- [AVAILABLE DATA]:

☆ ☆ ☆ ☆ ☆

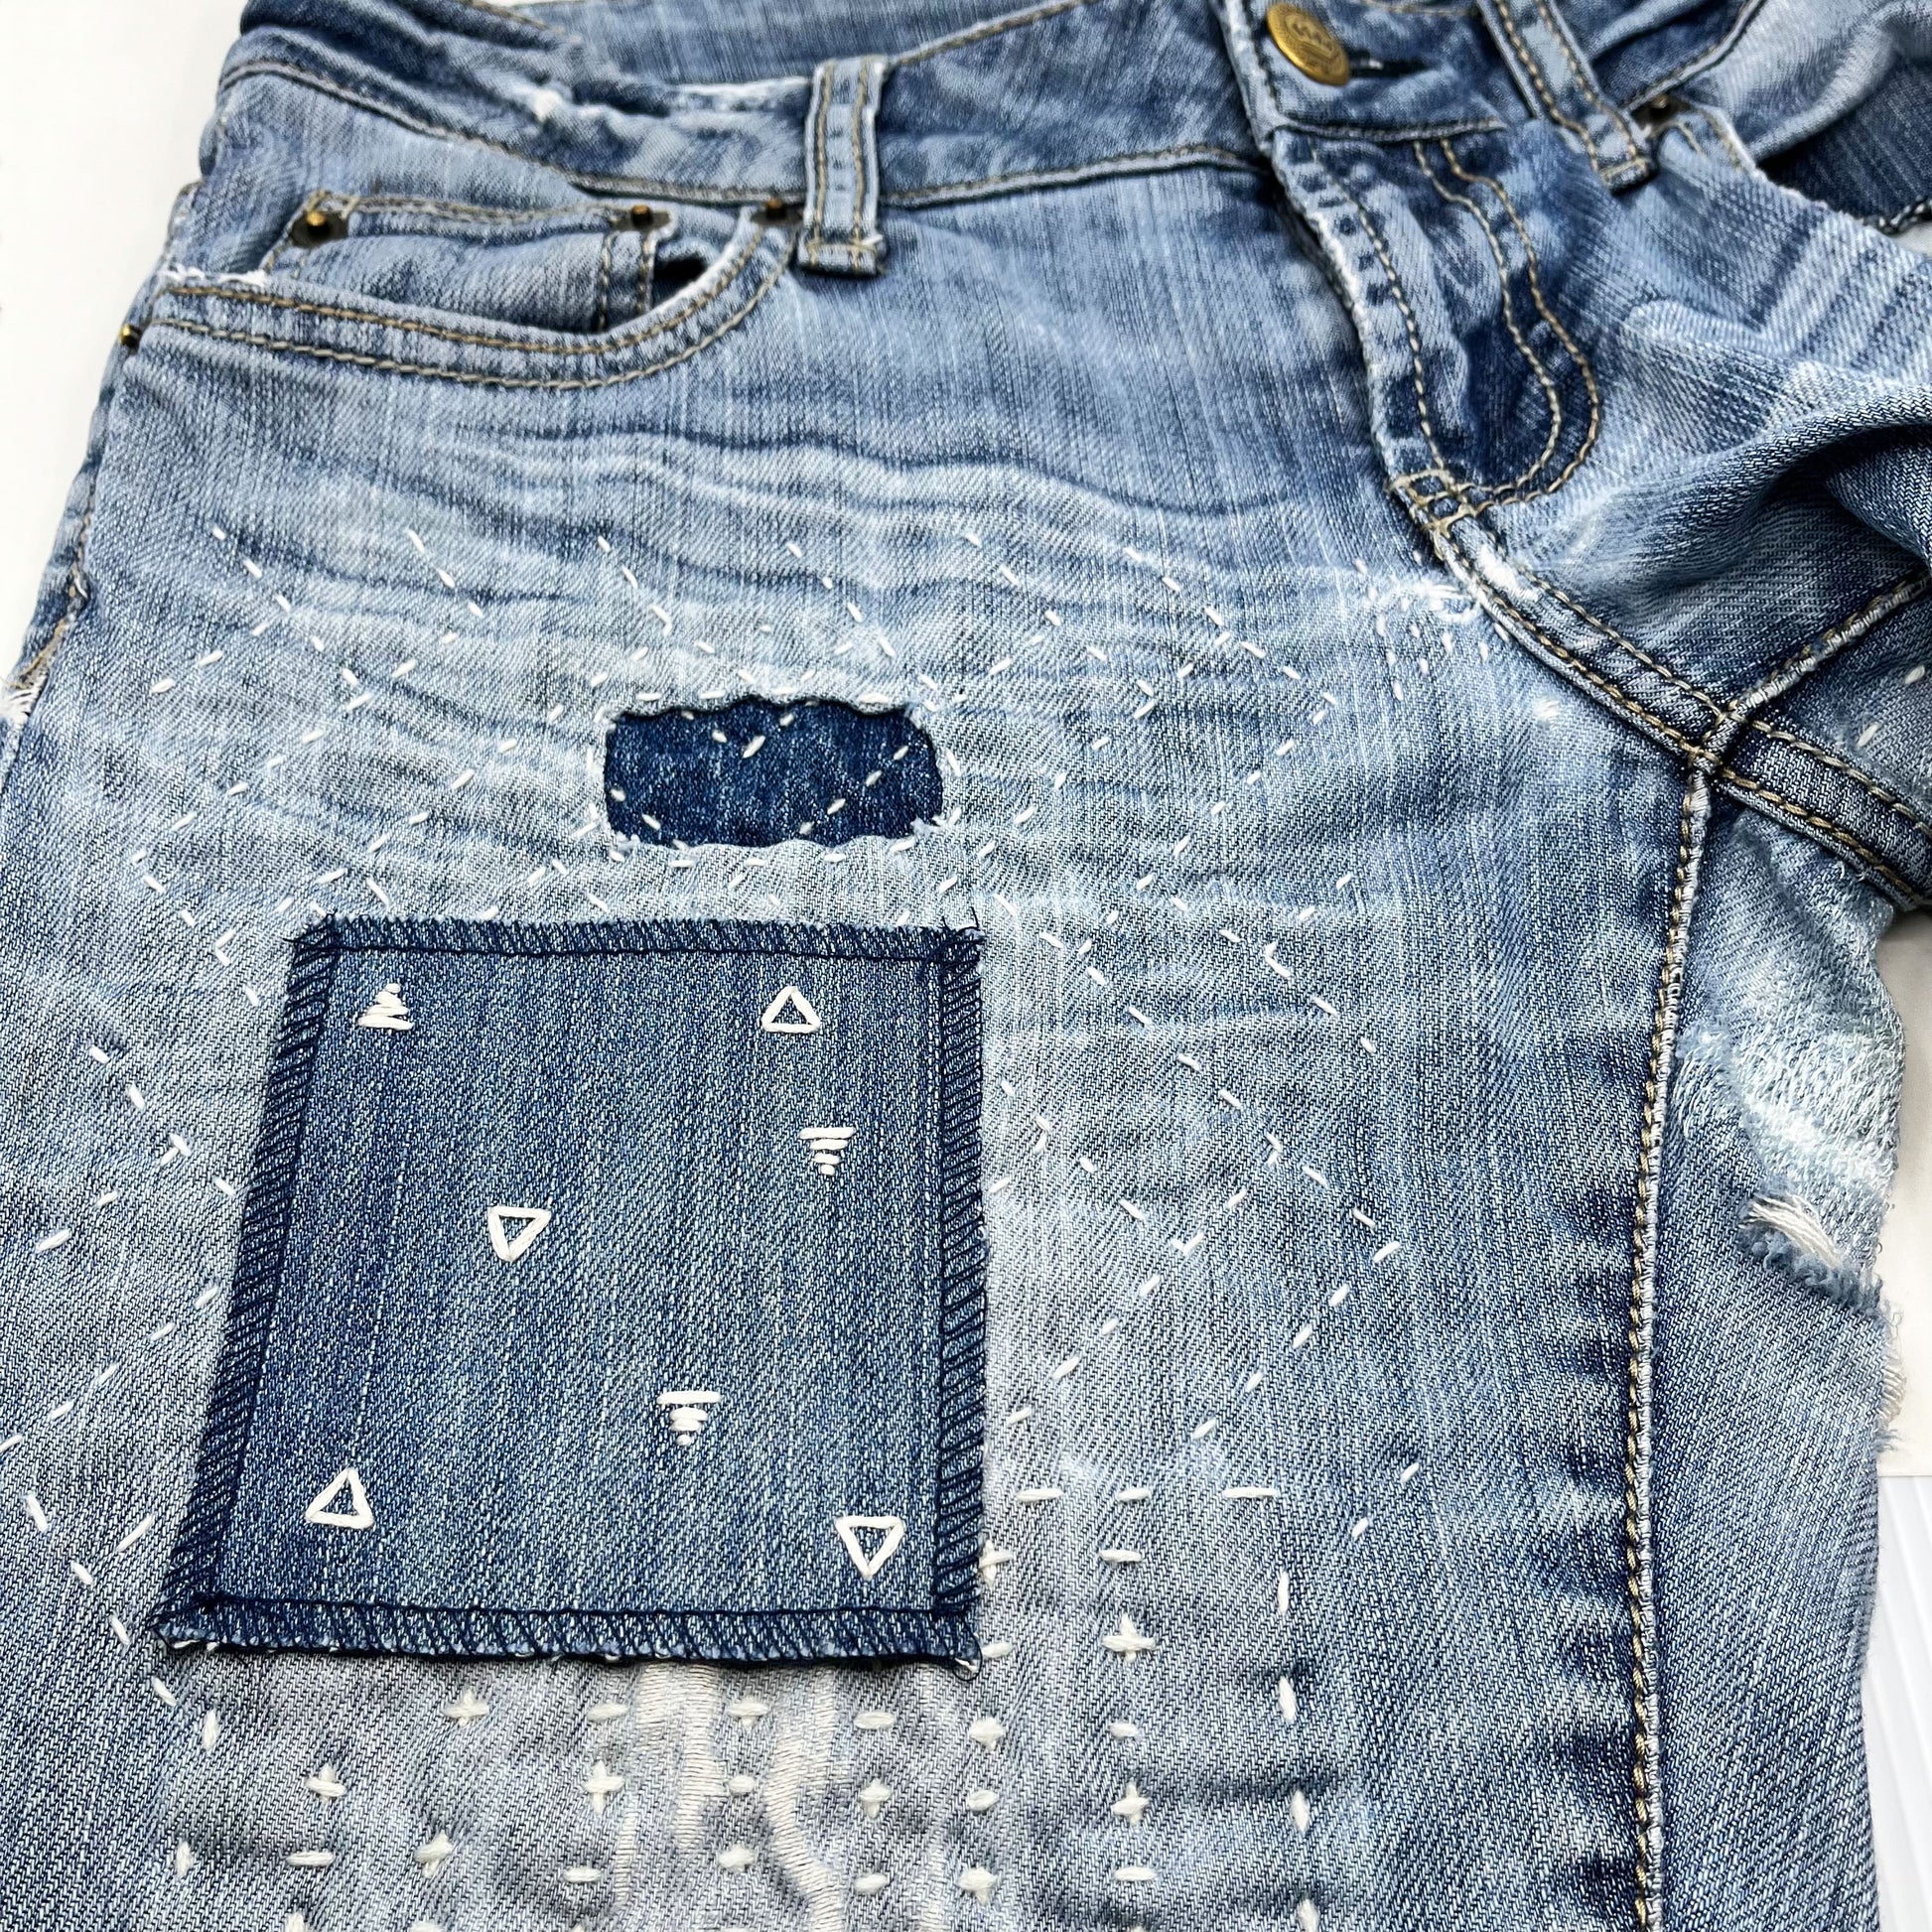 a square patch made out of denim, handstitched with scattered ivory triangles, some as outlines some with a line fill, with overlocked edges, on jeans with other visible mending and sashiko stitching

☆ ☆ ☆ ☆ ☆

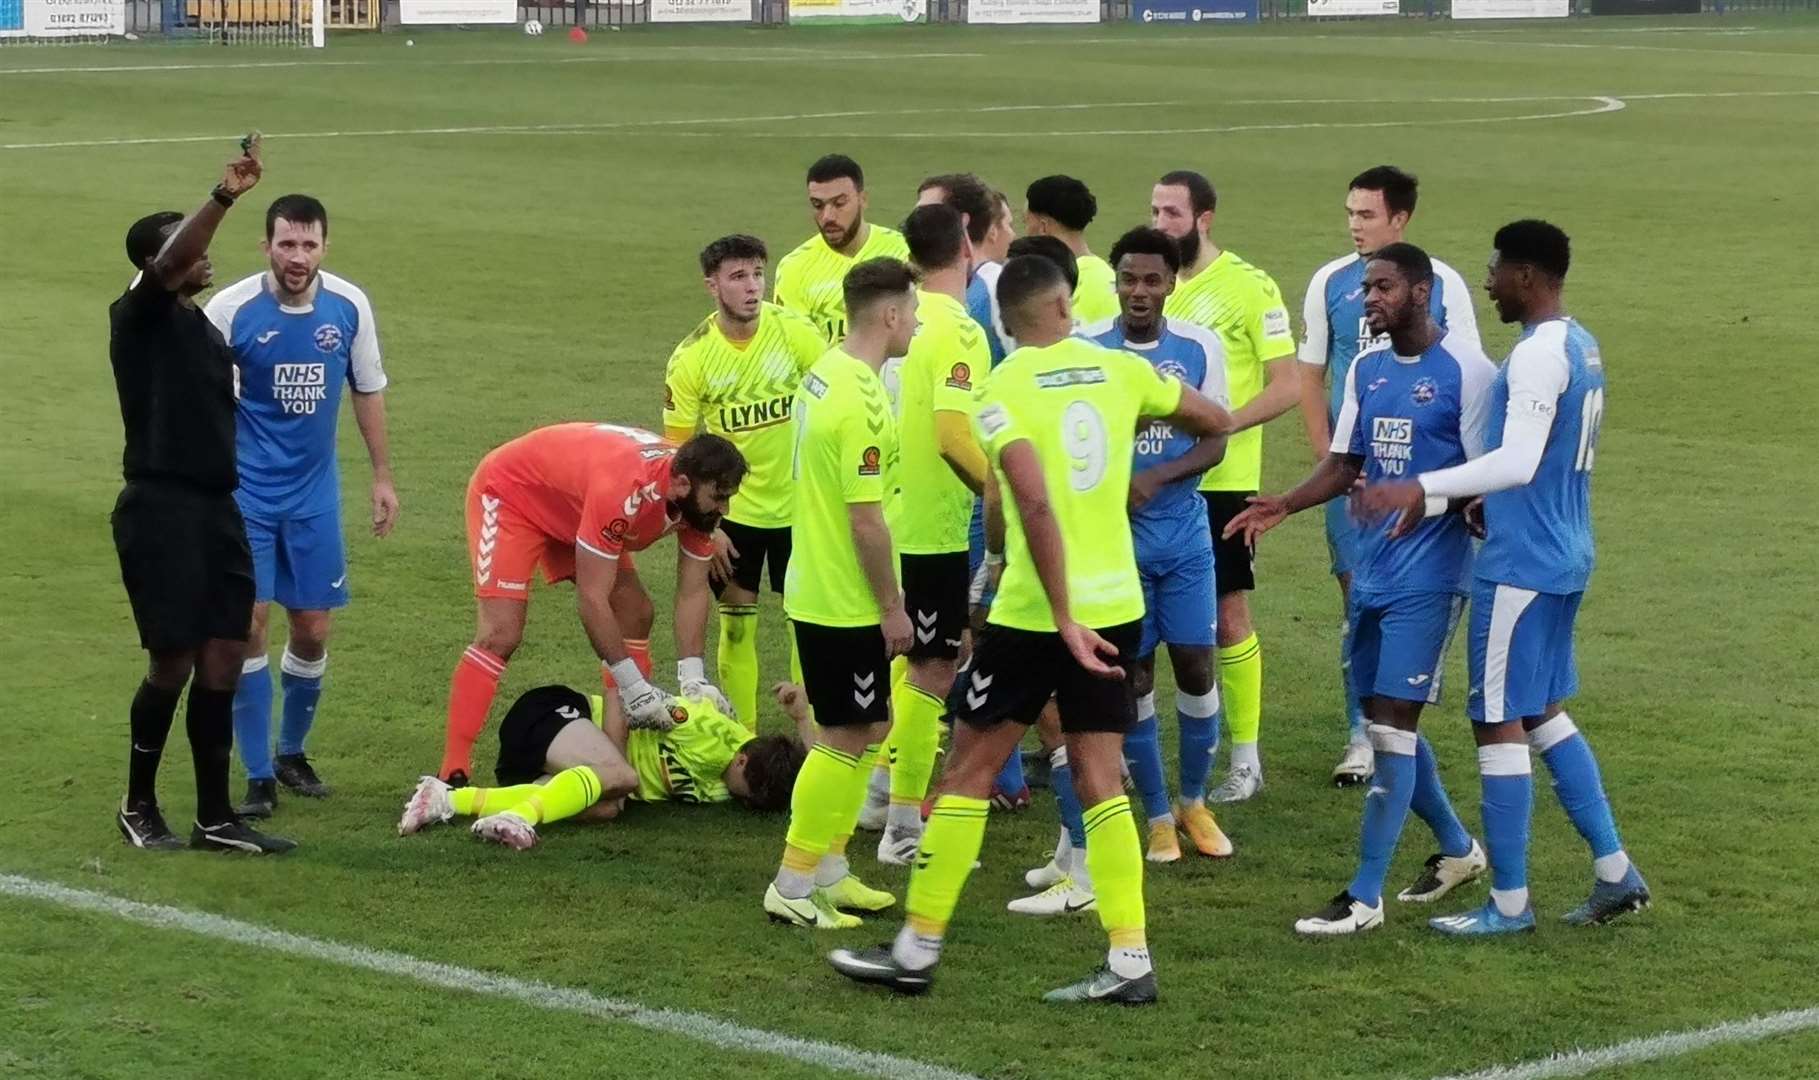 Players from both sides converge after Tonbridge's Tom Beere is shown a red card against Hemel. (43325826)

☆ ☆ ☆ ☆ ☆

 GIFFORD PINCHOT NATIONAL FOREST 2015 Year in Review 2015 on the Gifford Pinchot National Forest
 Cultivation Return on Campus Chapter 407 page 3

☆ ☆ ☆ ☆ ☆

- [PROBLEM STATEMENT]:
An exact copy of the lines above, from the one containing "GIFFORD PINCHOT NATIONAL FOREST 2015" through the one containing "Cultivation Return on", is the whole of the answer.

- [EXERCISE RESPONSE]:
 GIFFORD PINCHOT NATIONAL FOREST 2015 Year in Review 2015 on the Gifford Pinchot National Forest
 Cultivation Return on Campus Chapter 407 page 3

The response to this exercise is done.